* WORK INSTRUCTION *
Write out the listing below in its entirety, minus the pictures, without changing a word.

─── DATA SECTION

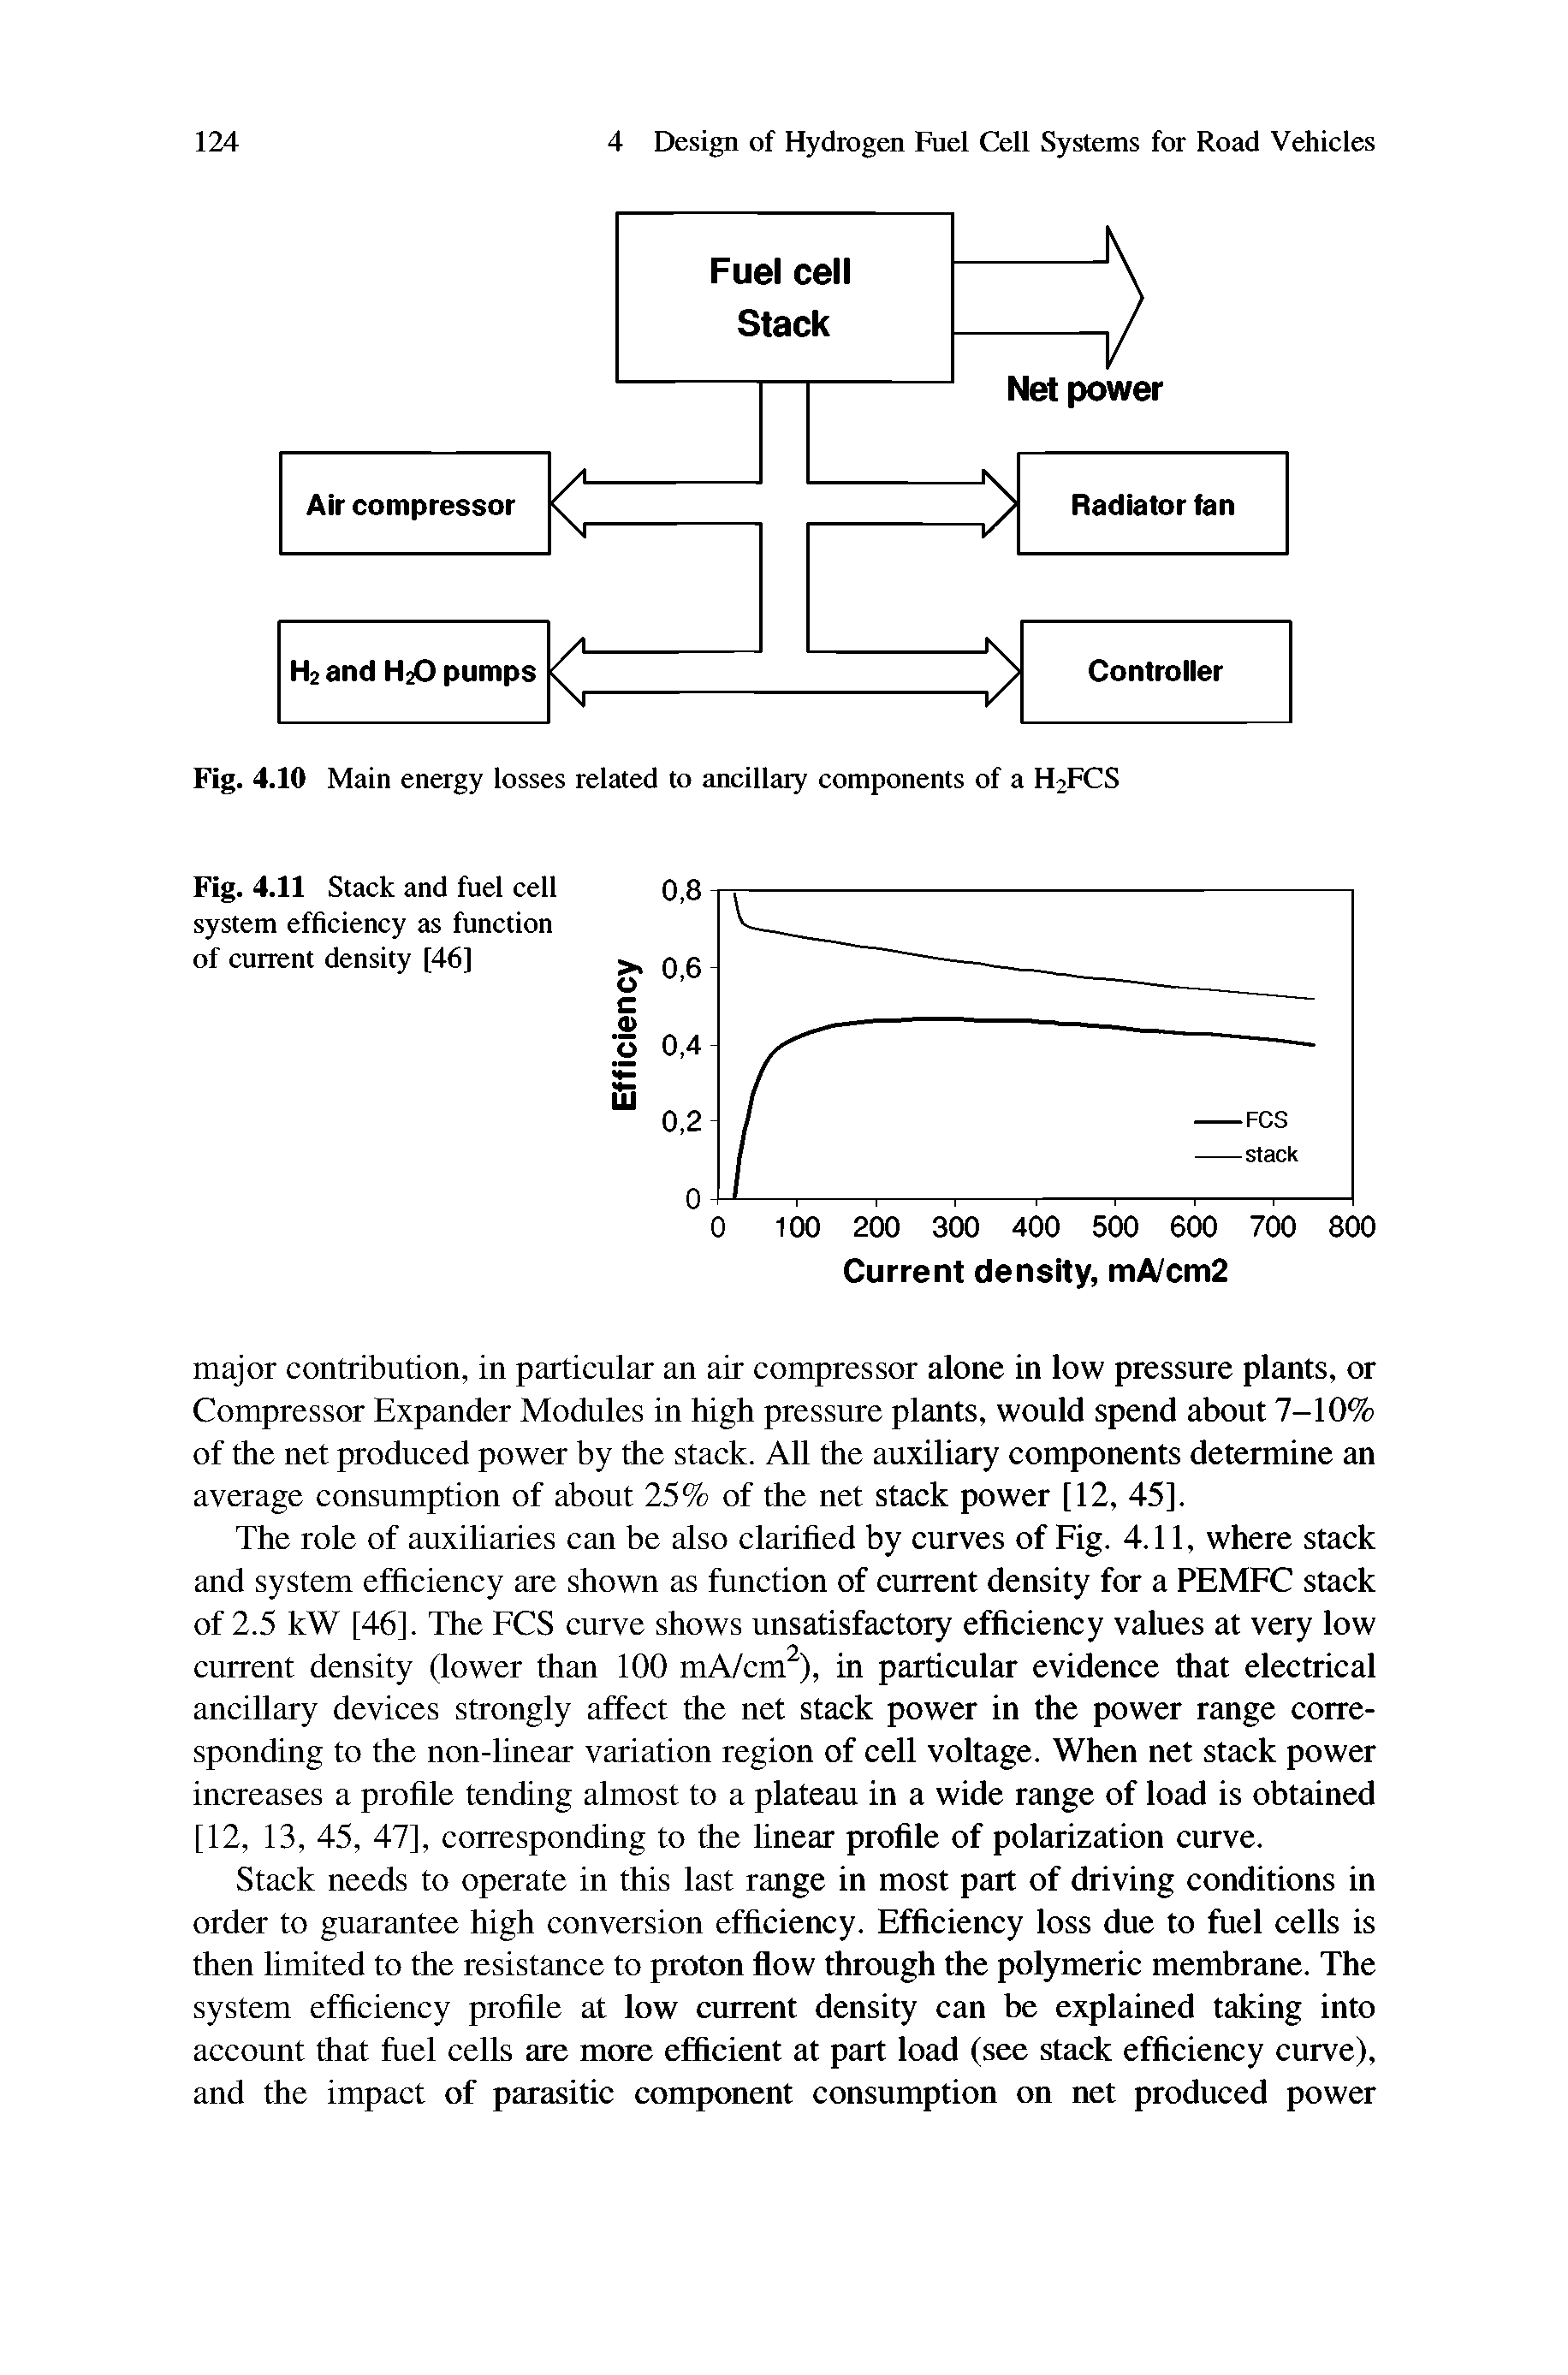 Fig. 4.10 Main energy losses related to ancillary components of a HiFCS...
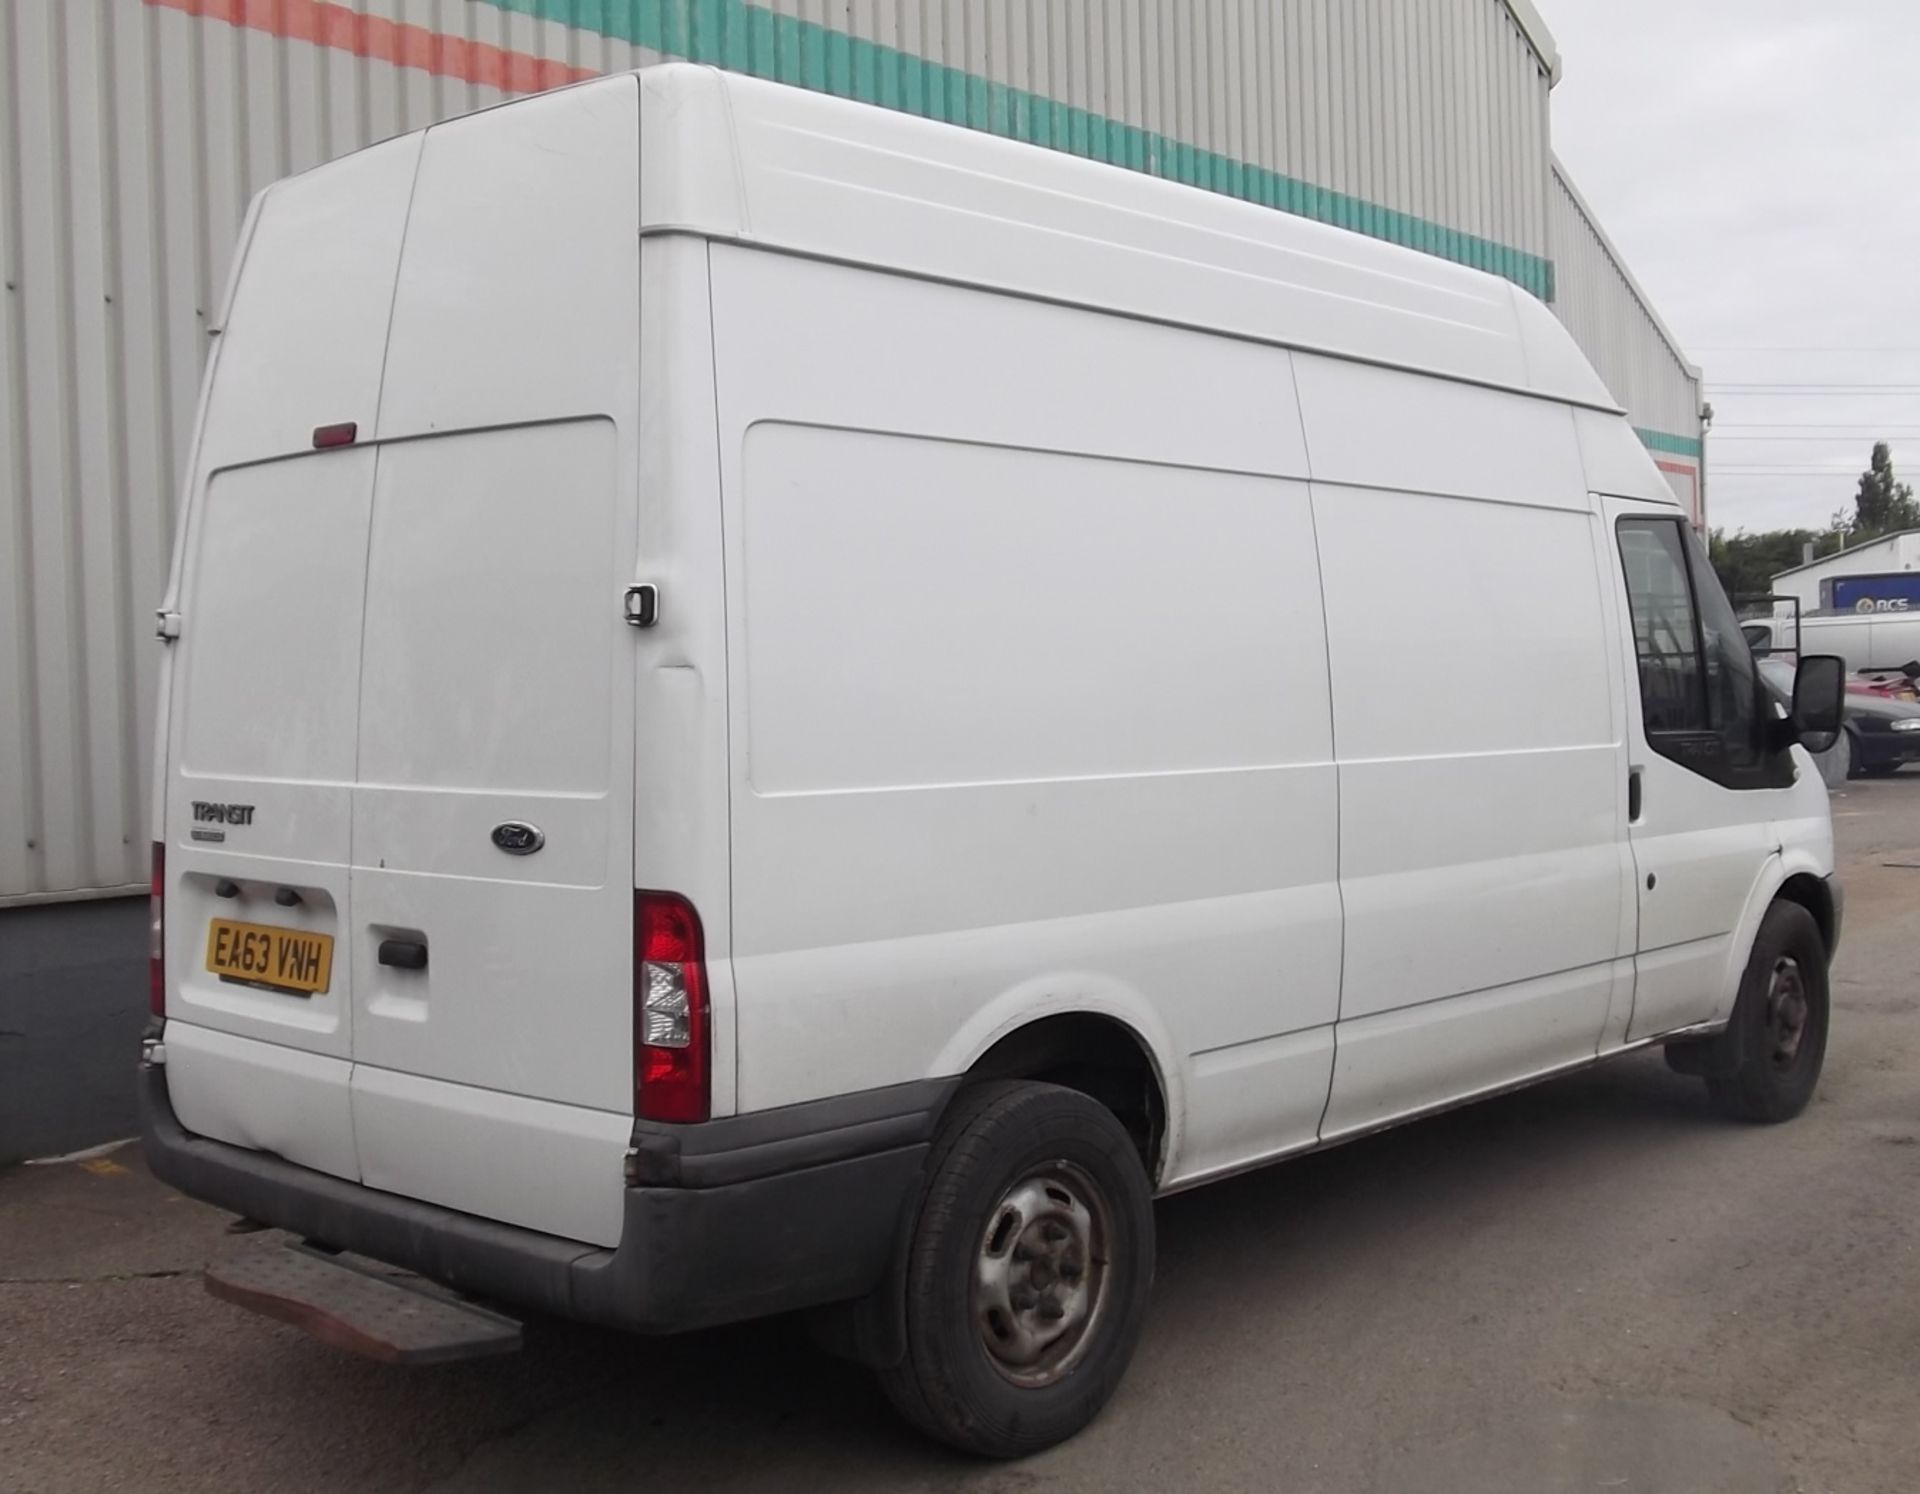 2013 Ford Transit 350 125 LWB MR Panel Van - CL505 - NO VAT ON THE HAMMER - Location: Corby, Northam - Image 5 of 8
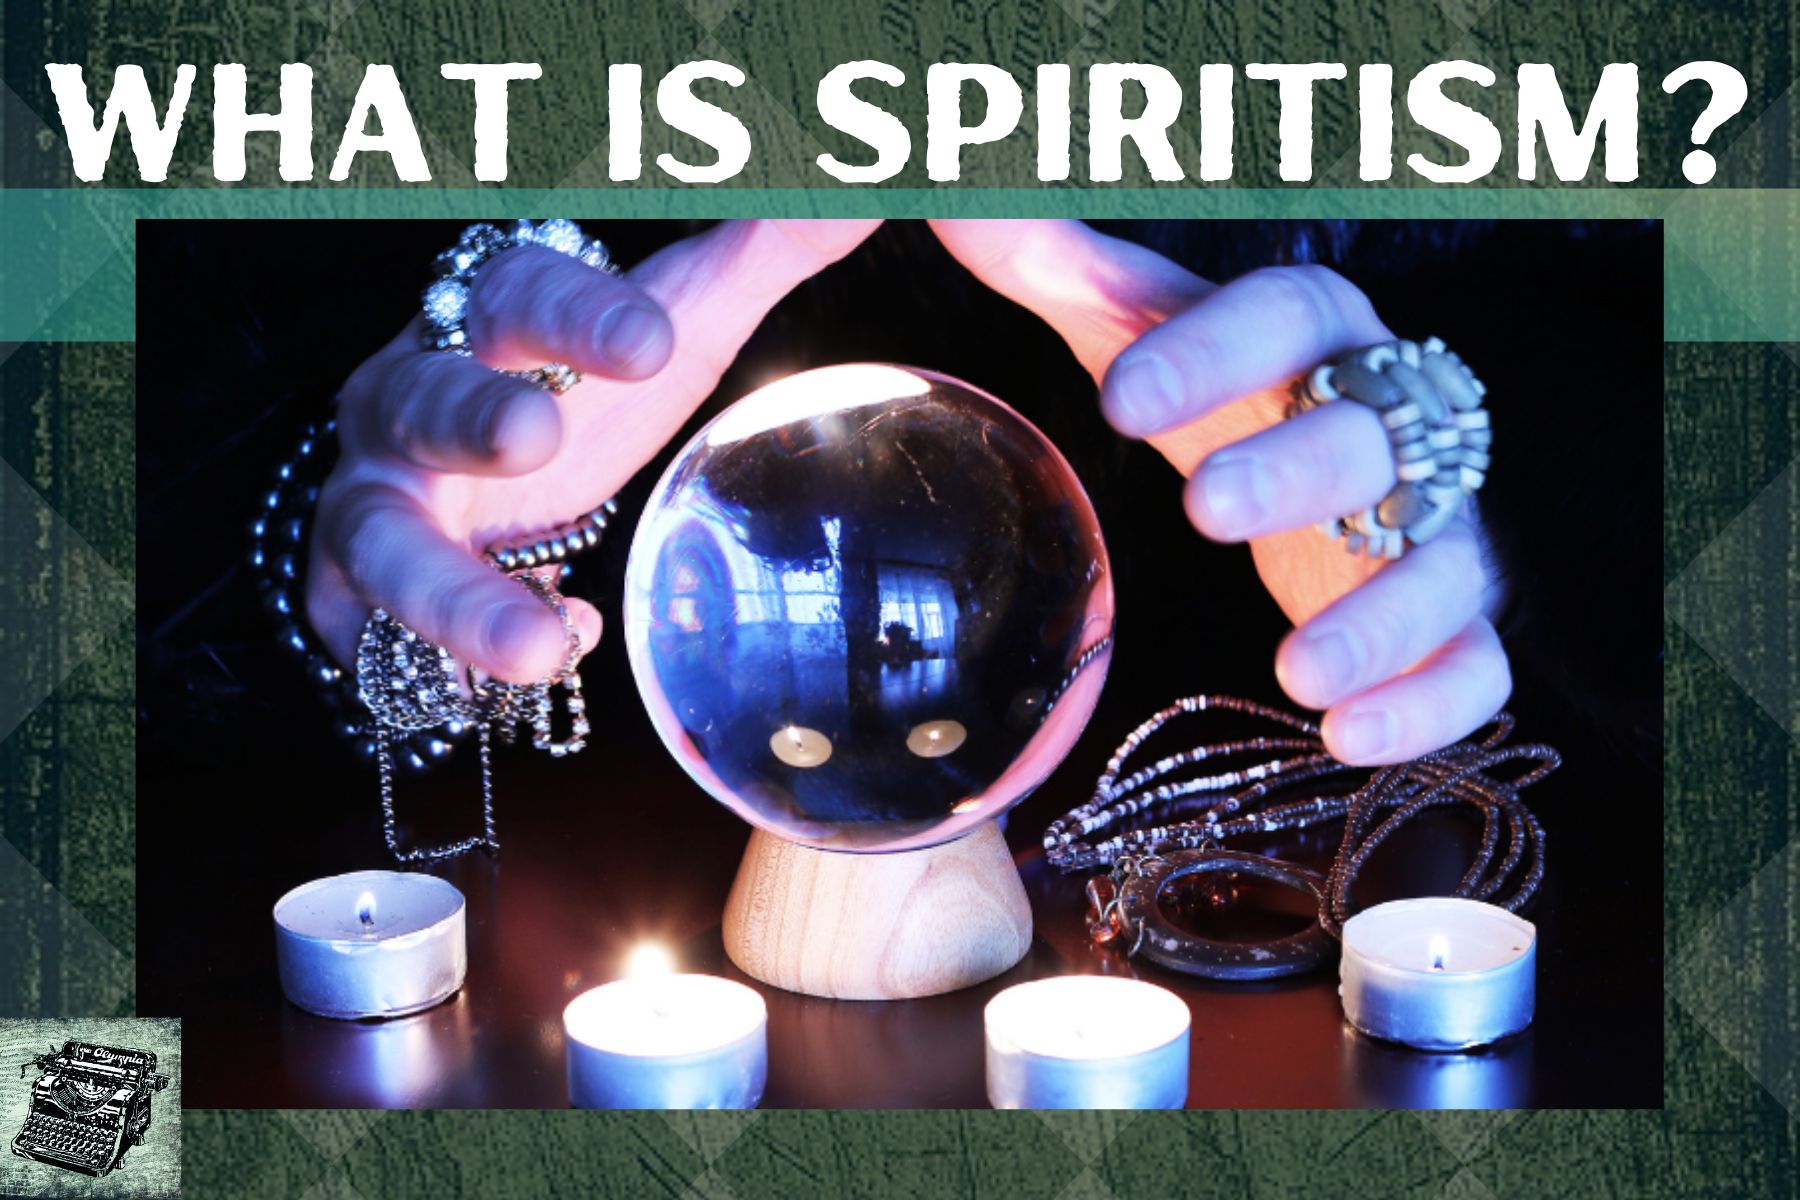 In a nutshell - Spiritualism Is A Spiritual Belief System With 3 Branches; Religion, Philosophy And Science.

──────

* OUTPUT FOR THIS EXERCISE *
 Fig. 4.10 Main energy losses related to ancillary components of a HiFCS...
 2013 Ford Transit 350 125 LWB MR Panel Van - CL505 - NO VAT ON THE HAMMER - Location: Corby, Northam - Image 5 of 8
 In a nutshell - Spiritualism Is A Spiritual Belief System With 3 Branches; Religion, Philosophy And Science.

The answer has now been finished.